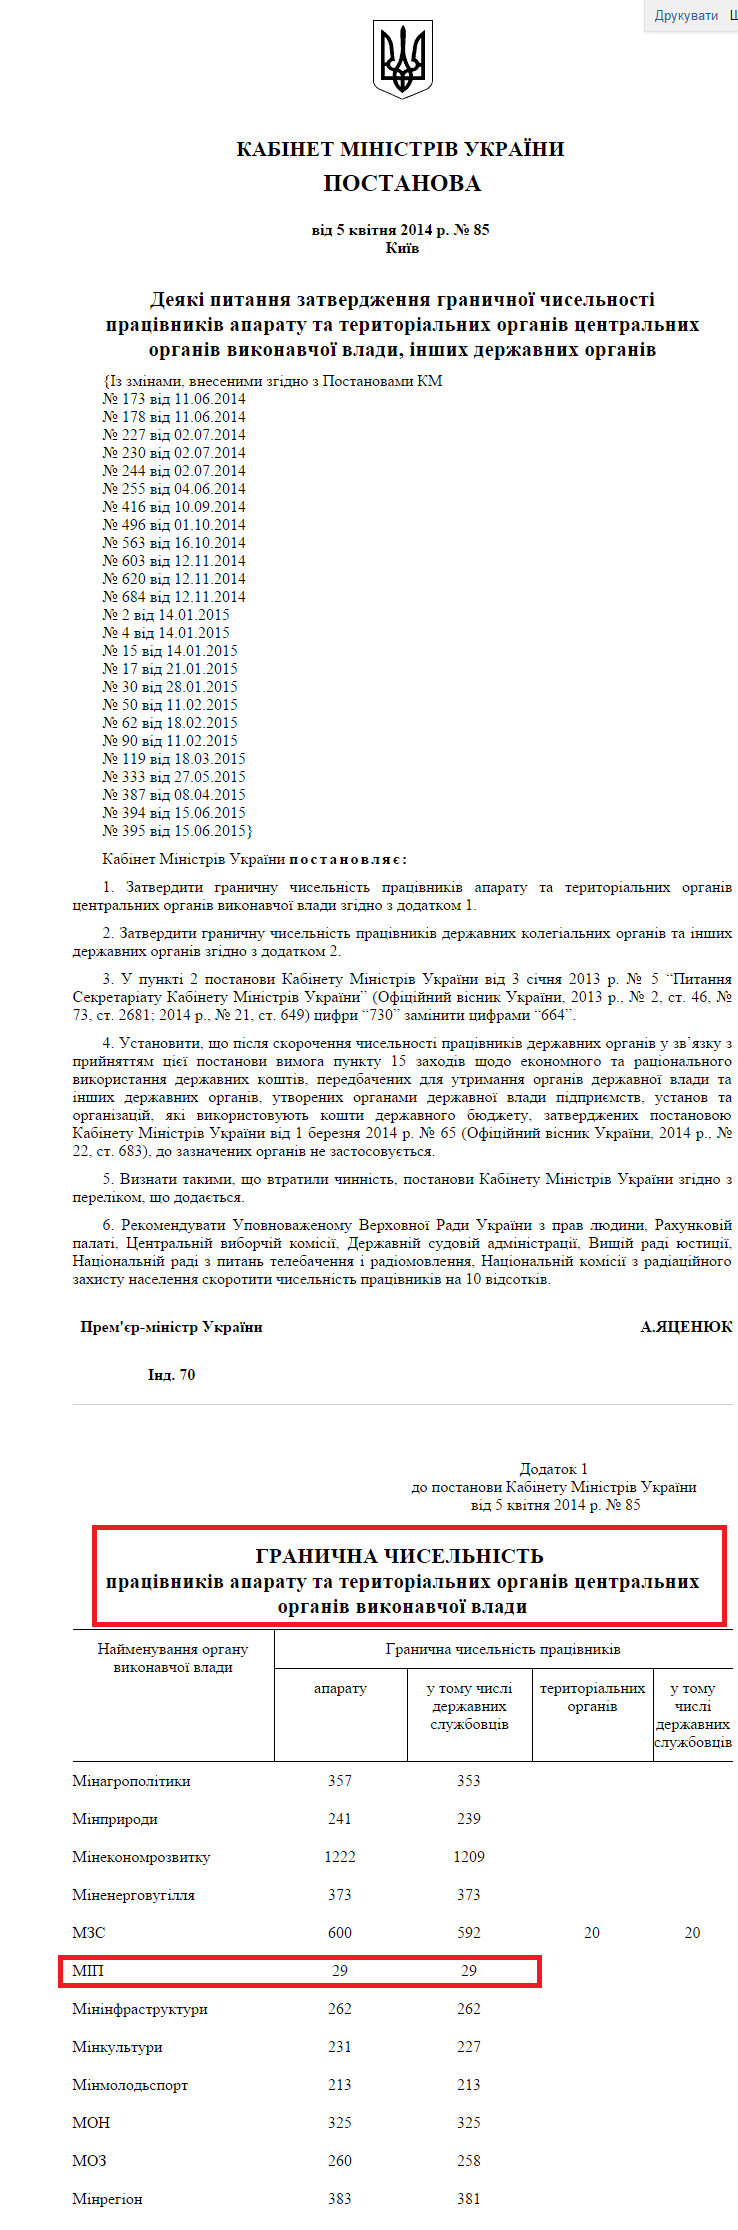 http://zakon4.rada.gov.ua/laws/show/85-2014-%D0%BF/print1433762307134809
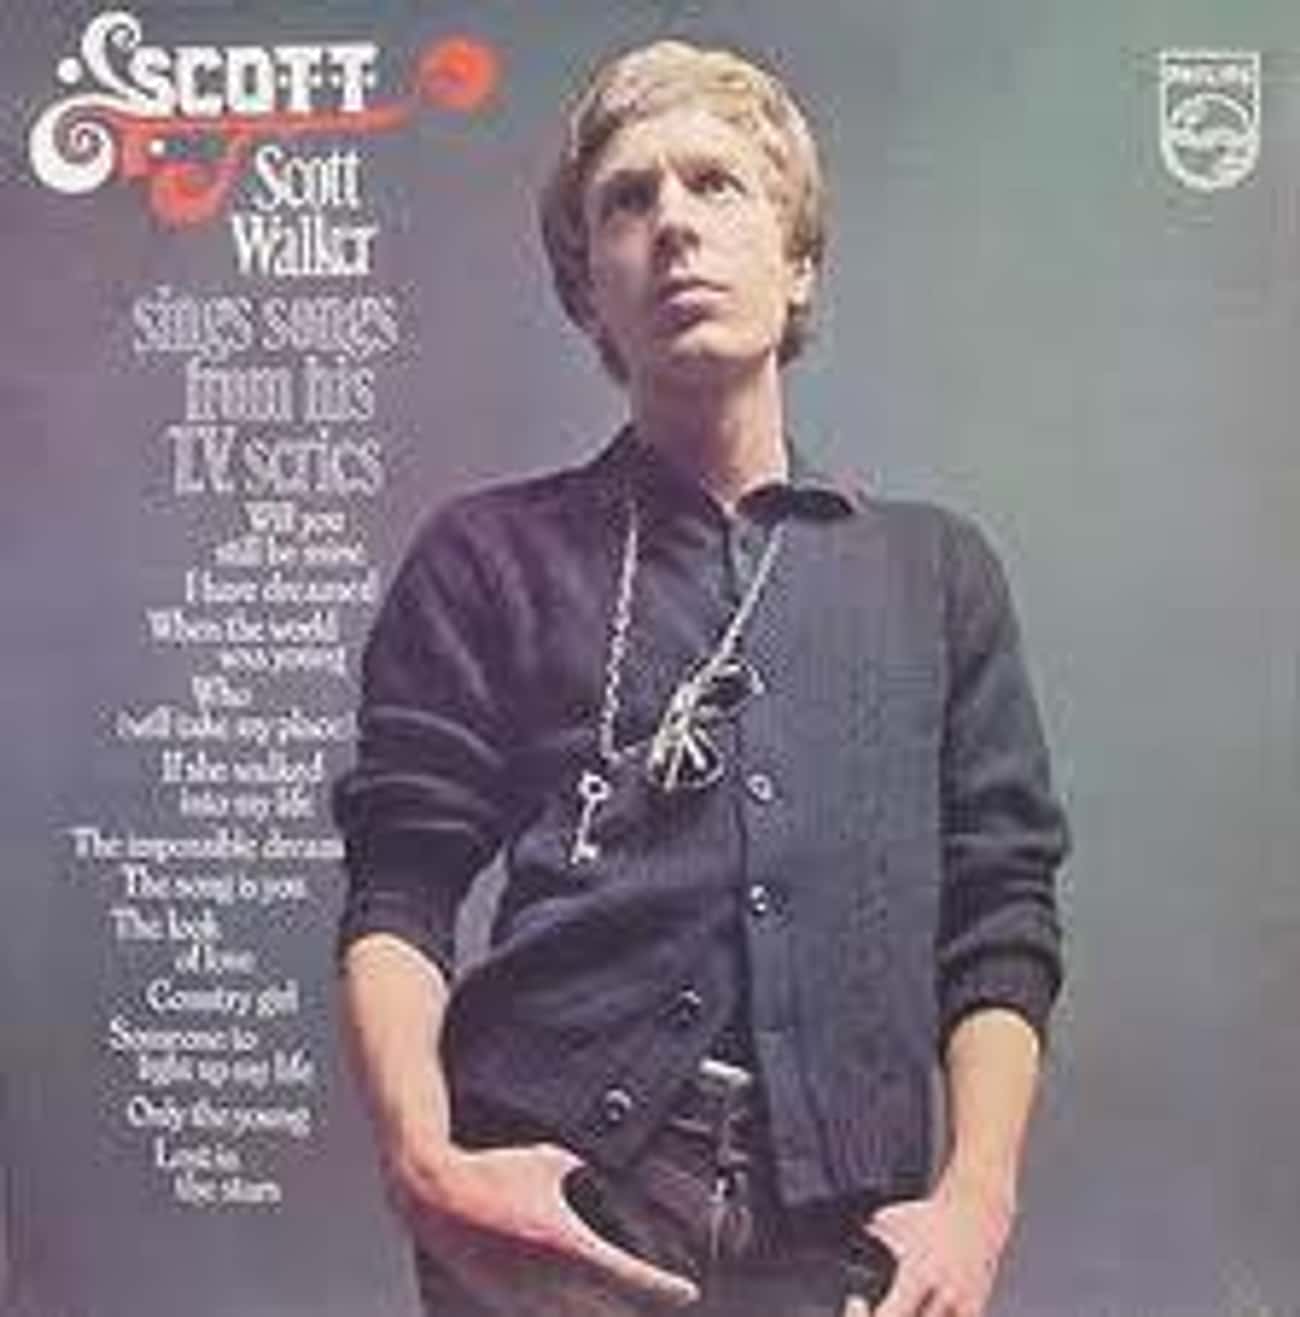 Scott: Scott Walker Sings Songs from his T.V. Series
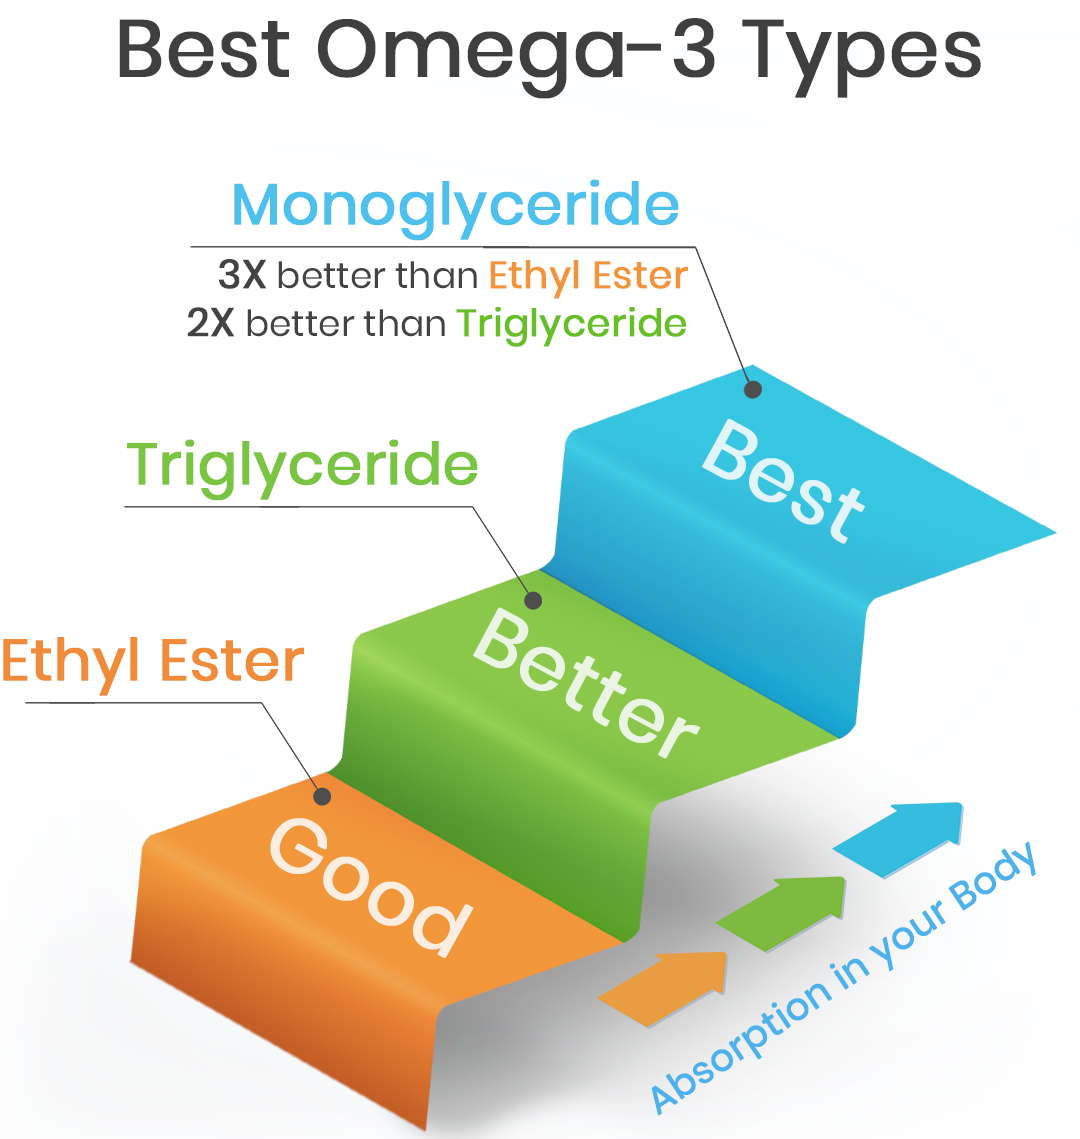 Best Omega 3 is monoglyceride
========================================
Brief
What you output must match the data exactly, apart from the pictures, which are left out.

Task solution
 http://zakon4.rada.gov.ua/laws/show/85-2014-%D0%BF/print1433762307134809
 Scott: Scott Walker Sings Songs from his T.V. Series
 Best Omega 3 is monoglyceride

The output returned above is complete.